This repository contains the code used in FASTlabel, a labeling algorithm to fix the existing maintenance gap between supervised hinting models like FASTgres 1 and reinforcement learning approaches like BAO 2.
This code basis also contains updated functionalities of FASTgres and is still in development.
FASTlabel is a modern search strategy to label queries for supervised hint set prediction.

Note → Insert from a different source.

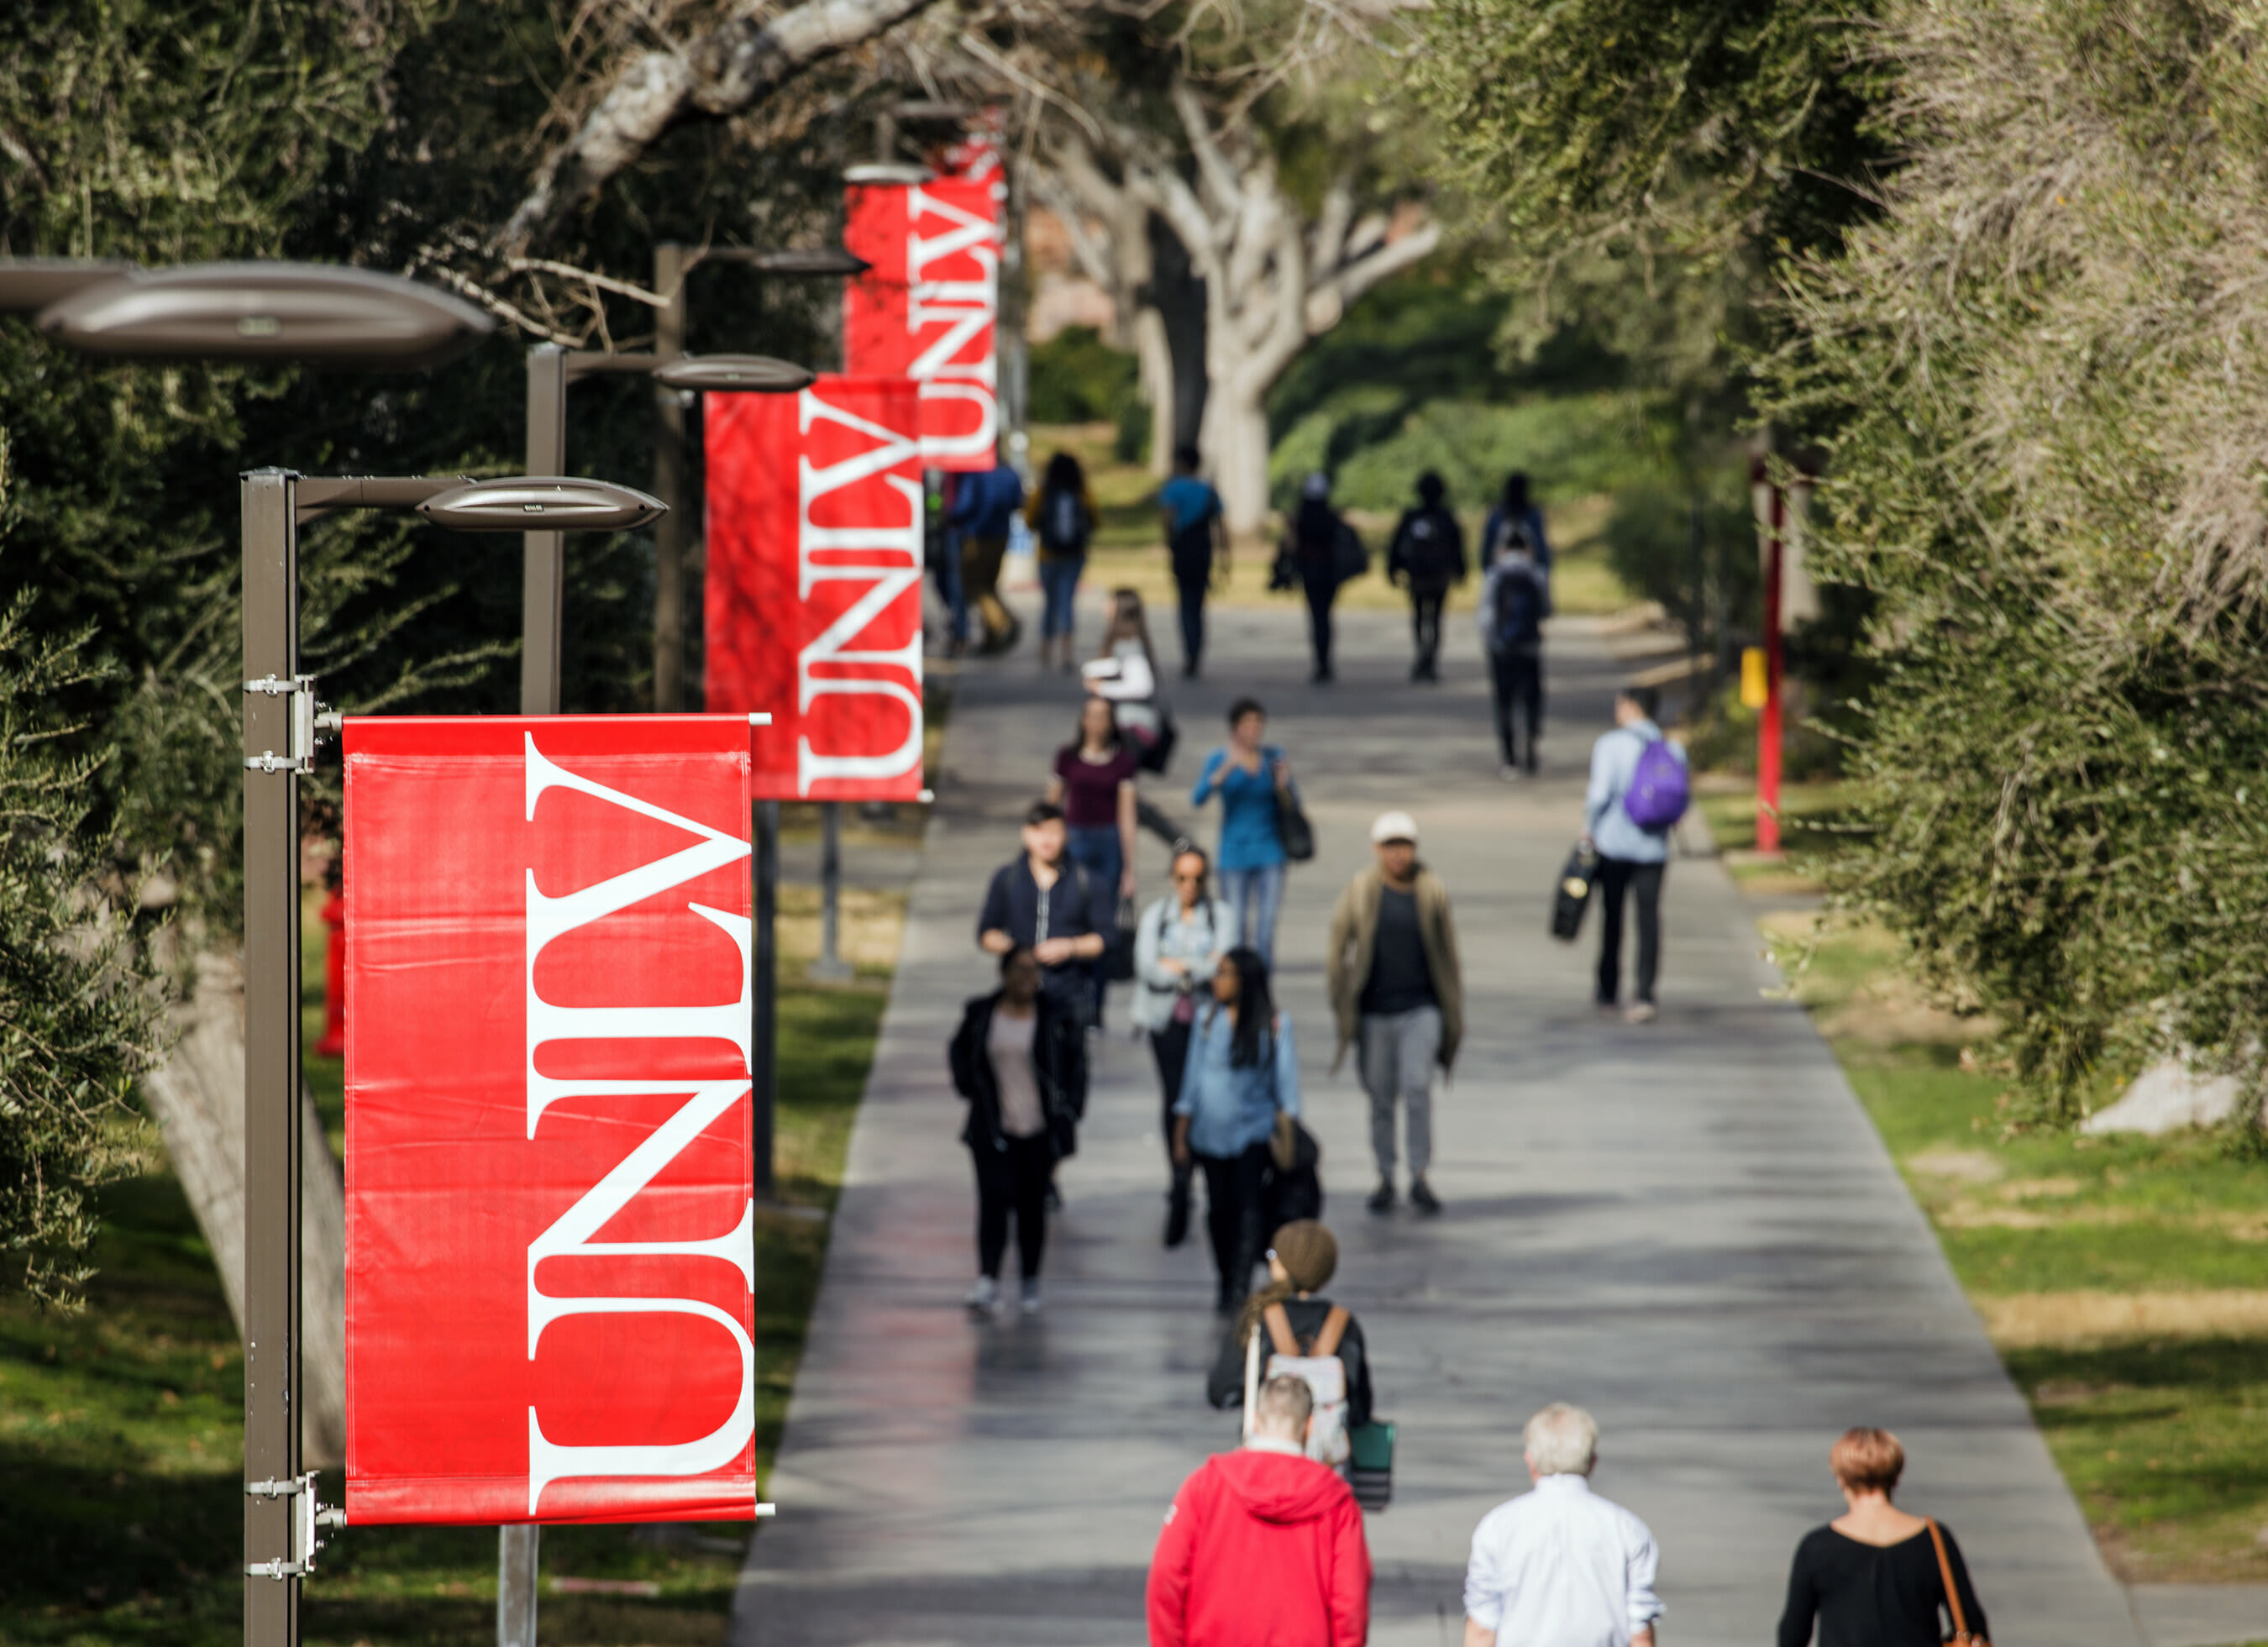 People walk the UNLV campus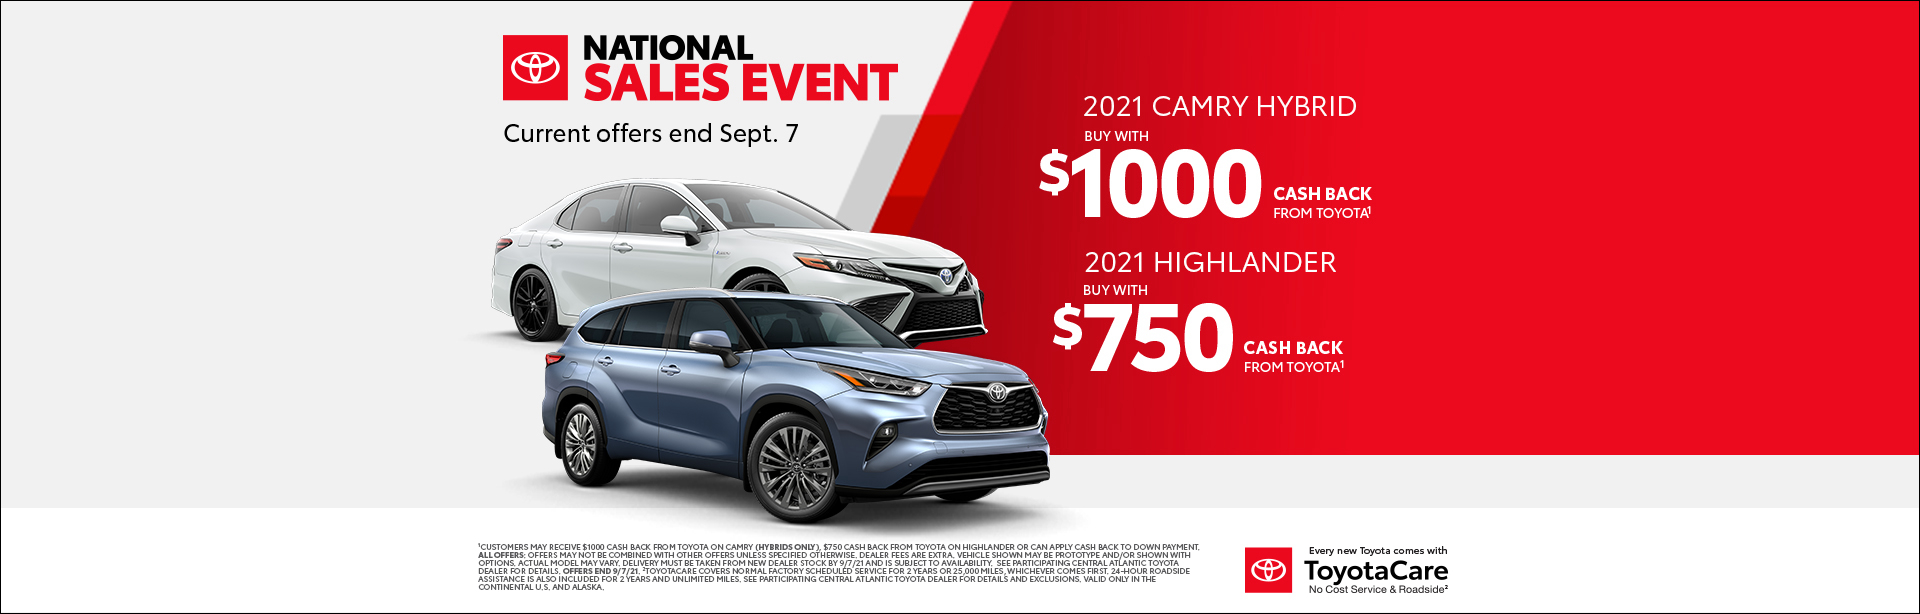 08-21_01_Central-Atlantic-Toyota-August-2021-CAT-National-Sales-Event-Camry-Highlander-_1920x614_1bd6_Camry-Hybrid-Highlander_R_xta.jpeg

To label an incoming query, FASTlabel determines its best fitting hint set. IN FASTgres1, this is done by evaluating each set of optimizer hints, which is slow. FASTlabel finds similarly beneficial hint sets while supporting more hint combinations and being faster.
To do so, FASTlabel uses the idea of hint set neighborhoods and a toolkit of tuning parameters. A neighborhood of a hint set can be generally seen as all hint sets, that differ in their hint configuration by one parameter. Simpler, when taking the binary representation of a hint set, a neighborhood is all hint sets that have a hamming distance of exactly one (differing by one bit).
In general, FASTlabel traverses the neighboorhood of a hint set, picks the best new hint set from the neighborhood, and recurses. How this is done exactly is steered by following parameters:
- Selection: This parameter steers how many hint sets of a neighborhood are used for recursion. Since this parameter
easily leads to search space explosion, we keep it at
1
, implying to only take the best hint set and continue from there. - Level Restriction (default: 4): FASTgres 1 have shown that a small amount of disabled hints may already provide the greatest improvements for a queries' performance, if chosen correctly. Level Restriction thus steers to overall maximum recursions that FASTlabel performs until the search is stopped.
- Early Stopping (default: 2, factor 1.1): This parameter is motivated by the frequently deployed similar method in learned models. Here, we stop our search if no better result has been observed for a set amount of recursions. However, we also deploy a factor based early stopping, which means that we have to observe not only better results, but also by a reasonable margin.
- Hint Removal: Hint removal motivates from some combinations being never beneficial for a queries' performance. In this case, the hint sets that target such hints can be discarded. This parameter steers if hints should be removed during the labeling of a query. If deployed, hints are removed once their respective hint set reaches a timeout during labeling.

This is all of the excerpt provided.